> TASK TO COMPLETE: Print exactly, and only, the lines from the one that has "Anoca - Einweg" through the end of the material below, with both ends included and the pictures omitted.

> COLLECTED DATA:
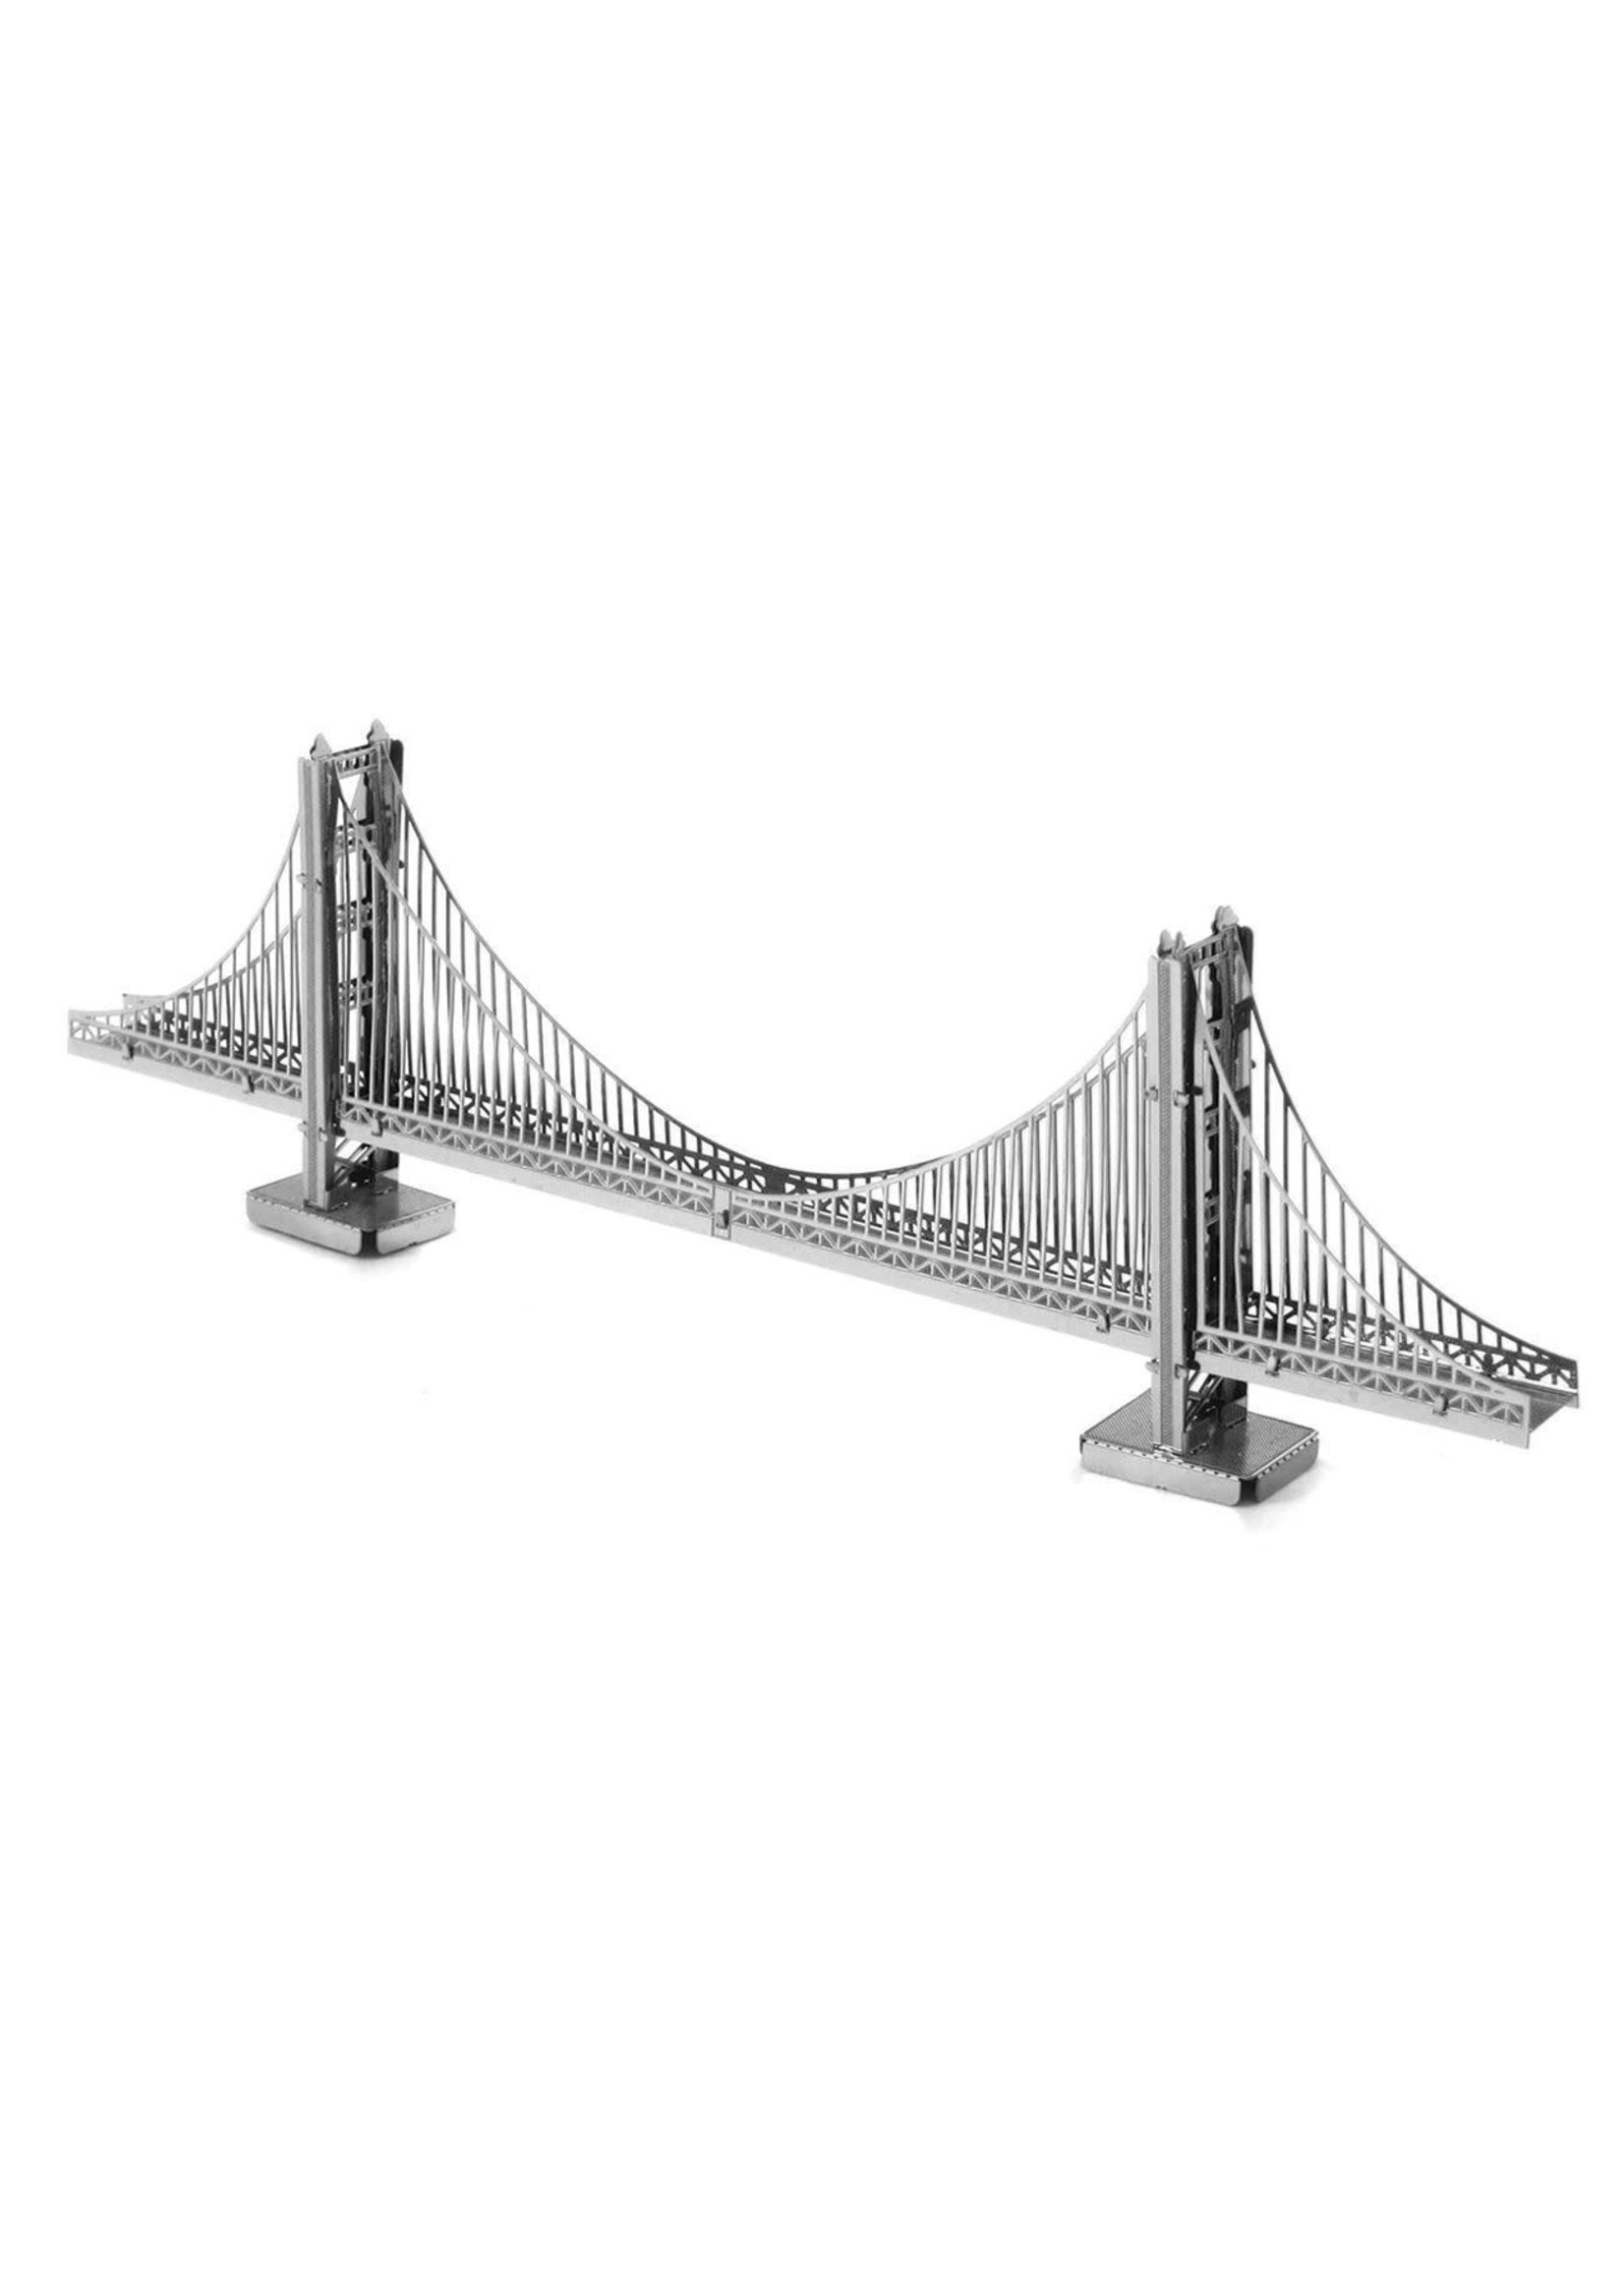 MetalWorks Golden Gate Bridge
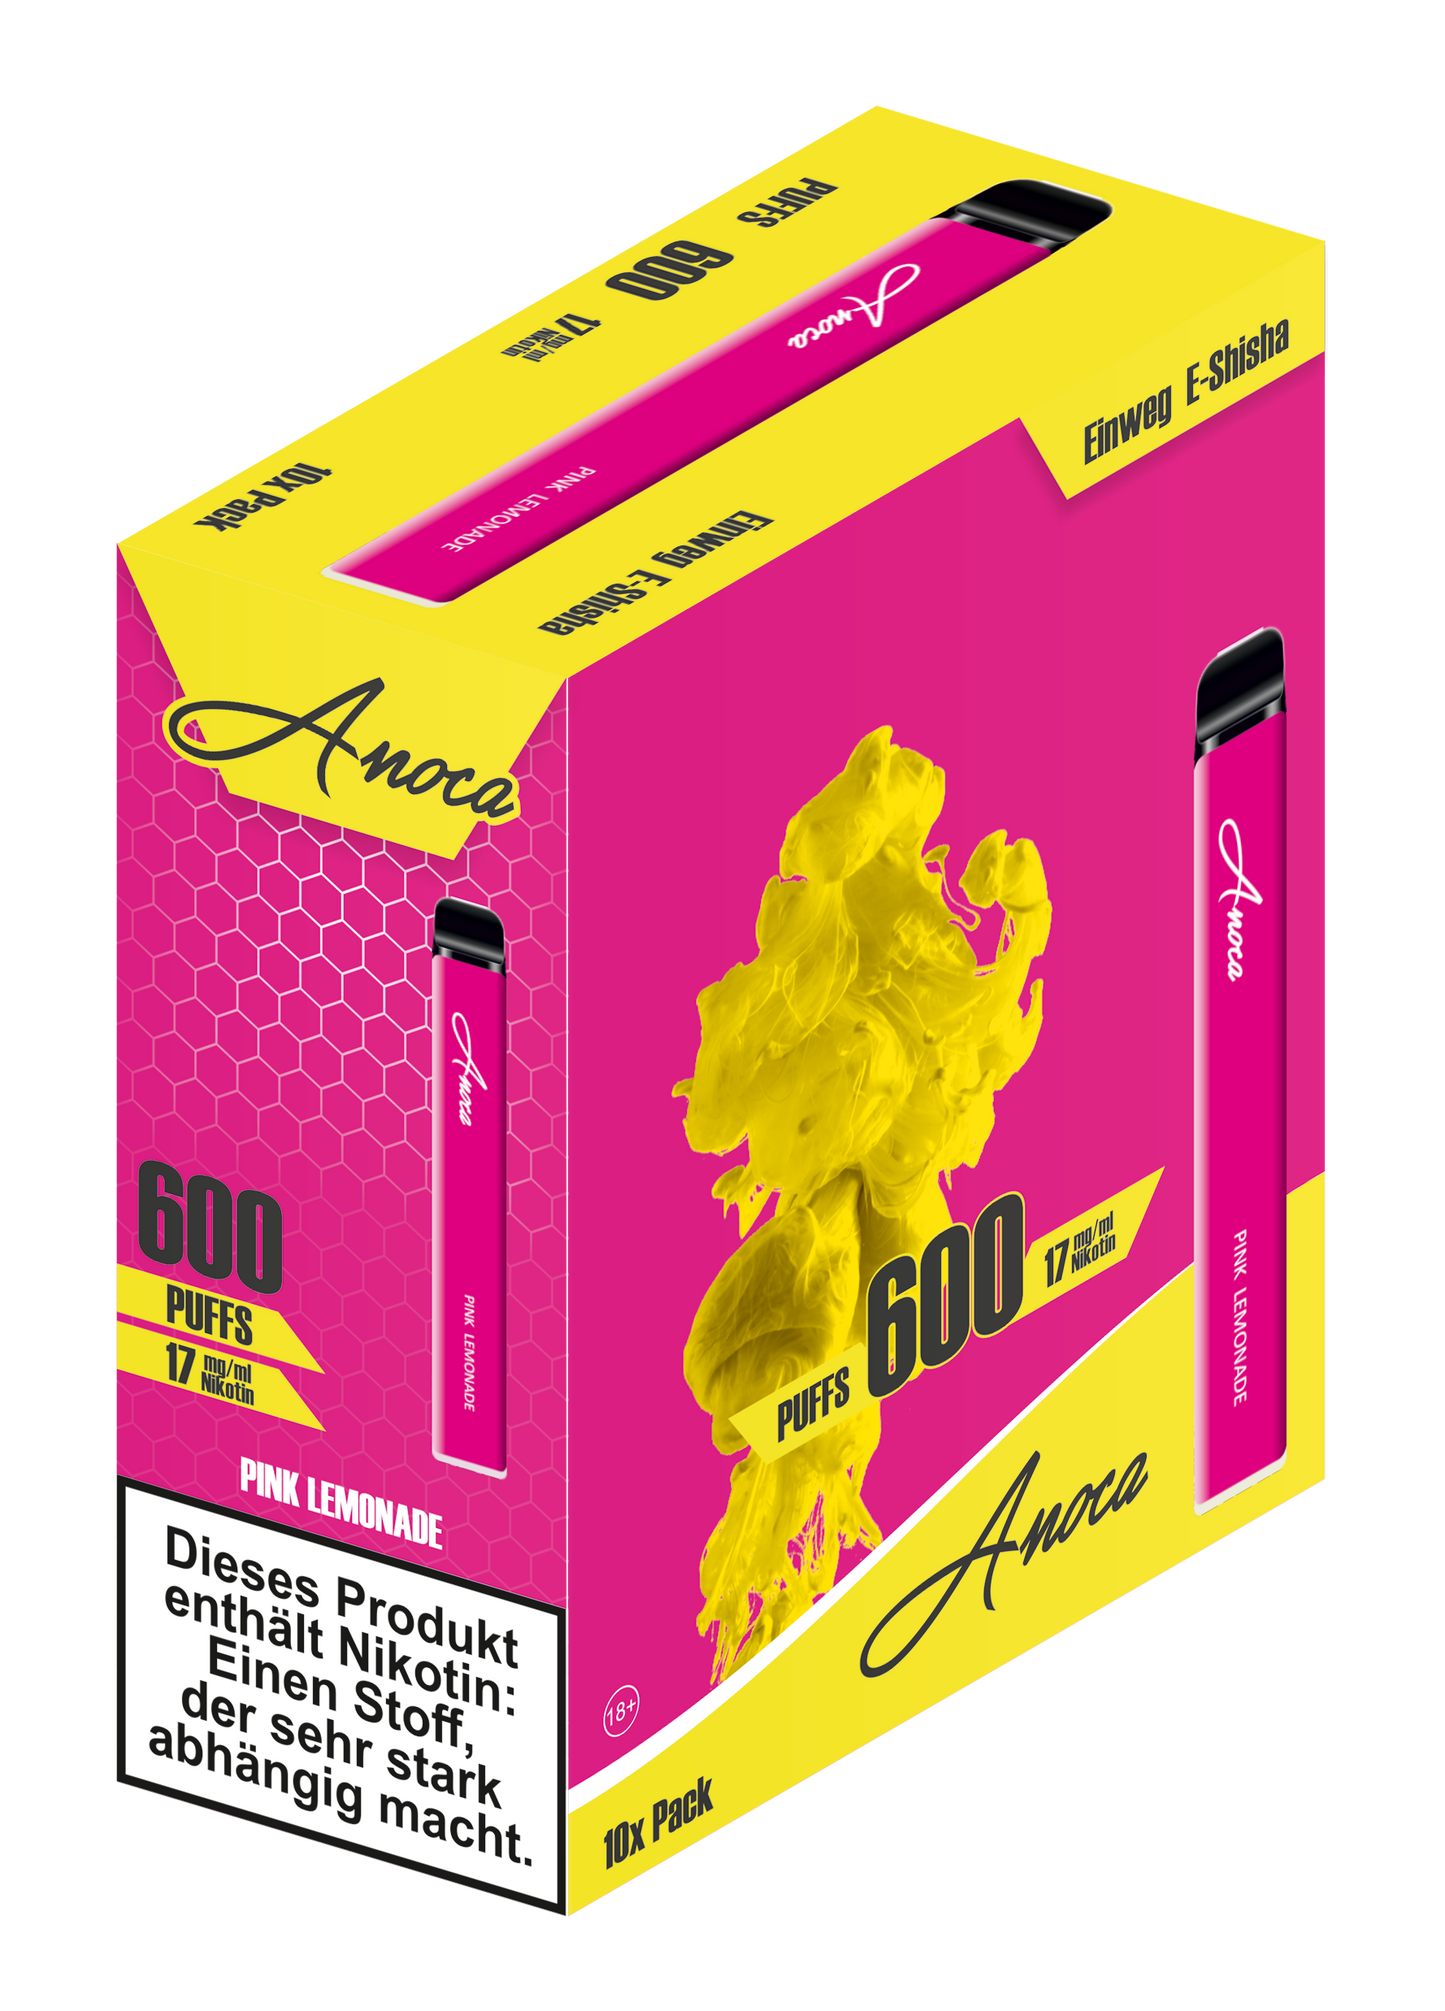 Anoca - Einweg E-Shisha 600 Puffs - Pink Lemonade - 10er Pack
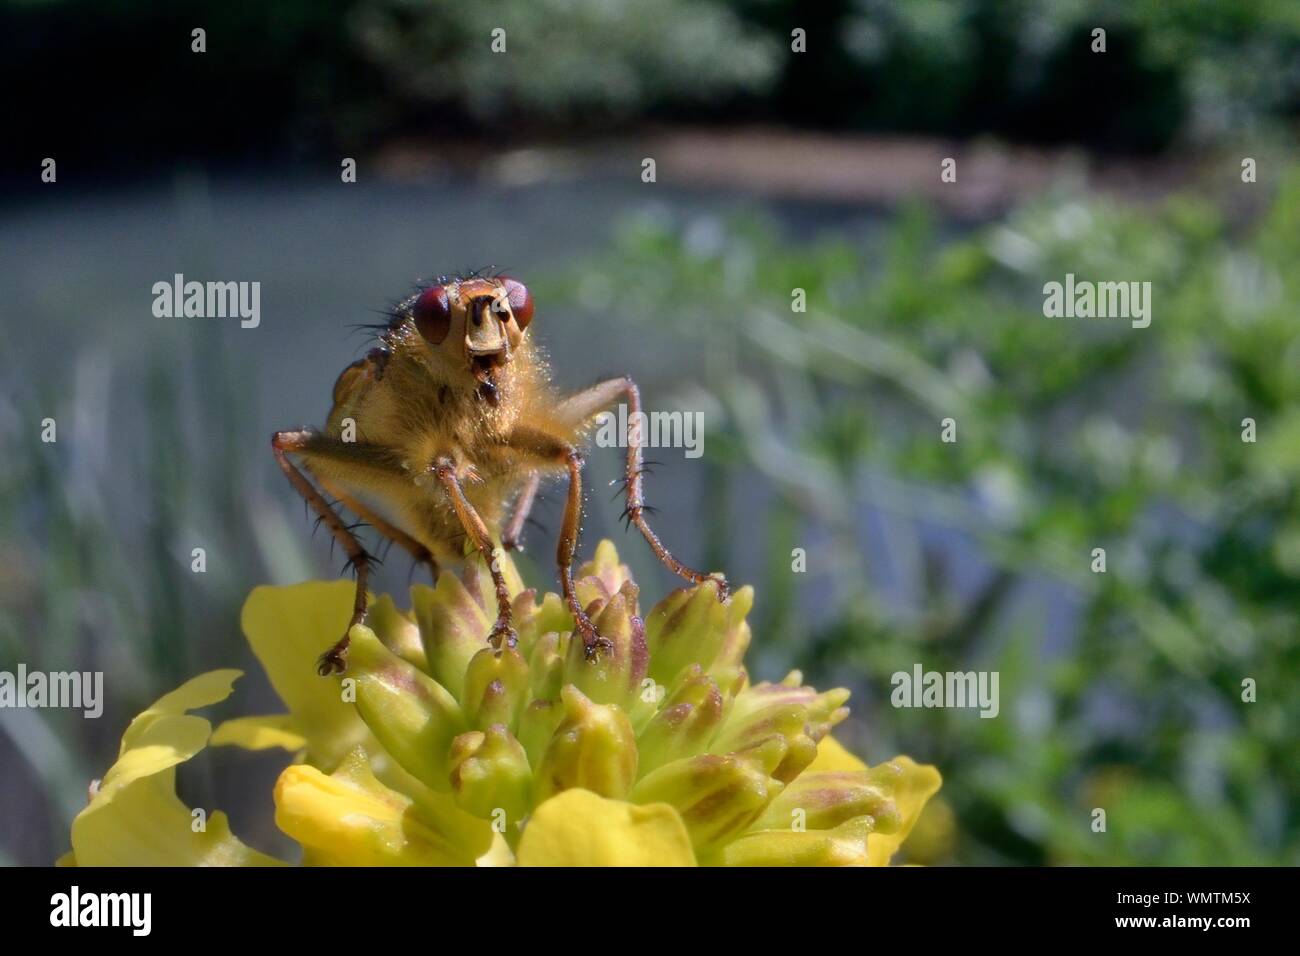 Sterco giallo fly (Scathophaga stercoraria) caccia preda su un razzo giallo flowerhead (Barbarea vulgaris) su un argine, Wiltshire, Regno Unito, maggio. Foto Stock

> TASK RESPONSE:
 Anoca - Einweg E-Shisha 600 Puffs - Pink Lemonade - 10er Pack
 Sterco giallo fly (Scathophaga stercoraria) caccia preda su un razzo giallo flowerhead (Barbarea vulgaris) su un argine, Wiltshire, Regno Unito, maggio. Foto Stock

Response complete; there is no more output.